Sin embargo, la vida en el shtetl no era idílica: las masas judías vivían sumidas en la miseria, el desempleo, la inseguridad, los pogromos y la ignorancia. La fuerte emigración, desde finales del siglo XIX hasta los años treinta, fue, de hecho, consecuencia de ello.

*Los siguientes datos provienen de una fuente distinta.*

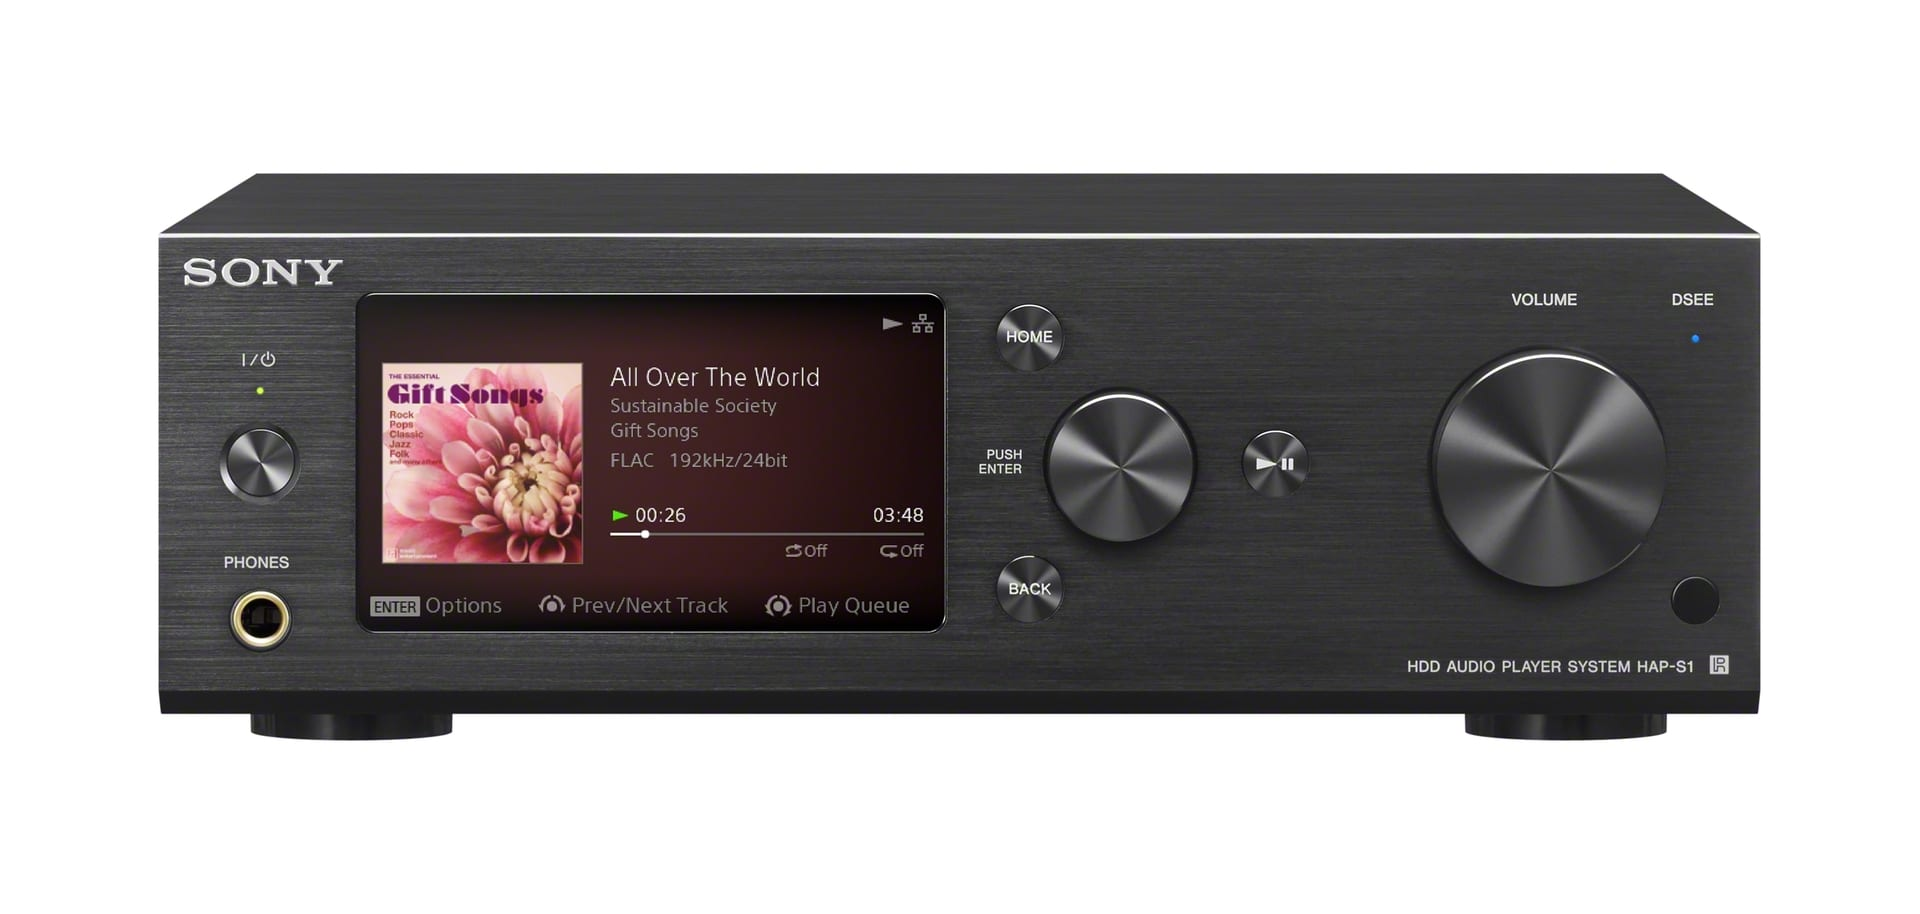 Sony Backs Hi-Res Audio Big Time

En la parte norte del Yiddishland (Lituania, Bielorrusia, noreste de Polonia), la influencia del Gaón de Vilan (Vilna) fue determinante: una forma de ortodoxia muy fiel a la letra y a los mandamientos, pero abierta a cierto racionalismo (la Haskalah). En la parte sur (el sureste de Polonia, Ucrania, Besarabia), es el jasidismo el que se desarrolló a partir de mediados del siglo XVIII, un movimiento místico hostil a la Ilustración, que buscaba revivir el espíritu de fervor original del judaísmo, transportando a sus adeptos a un trance y a un contacto inmediato con Dios, y que se constituía en torno a figuras carismáticas, los tzadikim, quienes formaron a su alrededor auténticas cortes y crearon una nueva forma de ortodoxia.

Hoy en día, Yiddishland solo existe en los recuerdos, en sus creaciones intelectuales, en sus expresiones culturales y artísticas, en los corazones y en las canciones de quienes intentan revivir su espíritu y su esencia. Por eso, para visitar ese mundo desaparecido hay que dedicarse a una labor de arqueólogo, tanto sobre el terreno como en la memoria.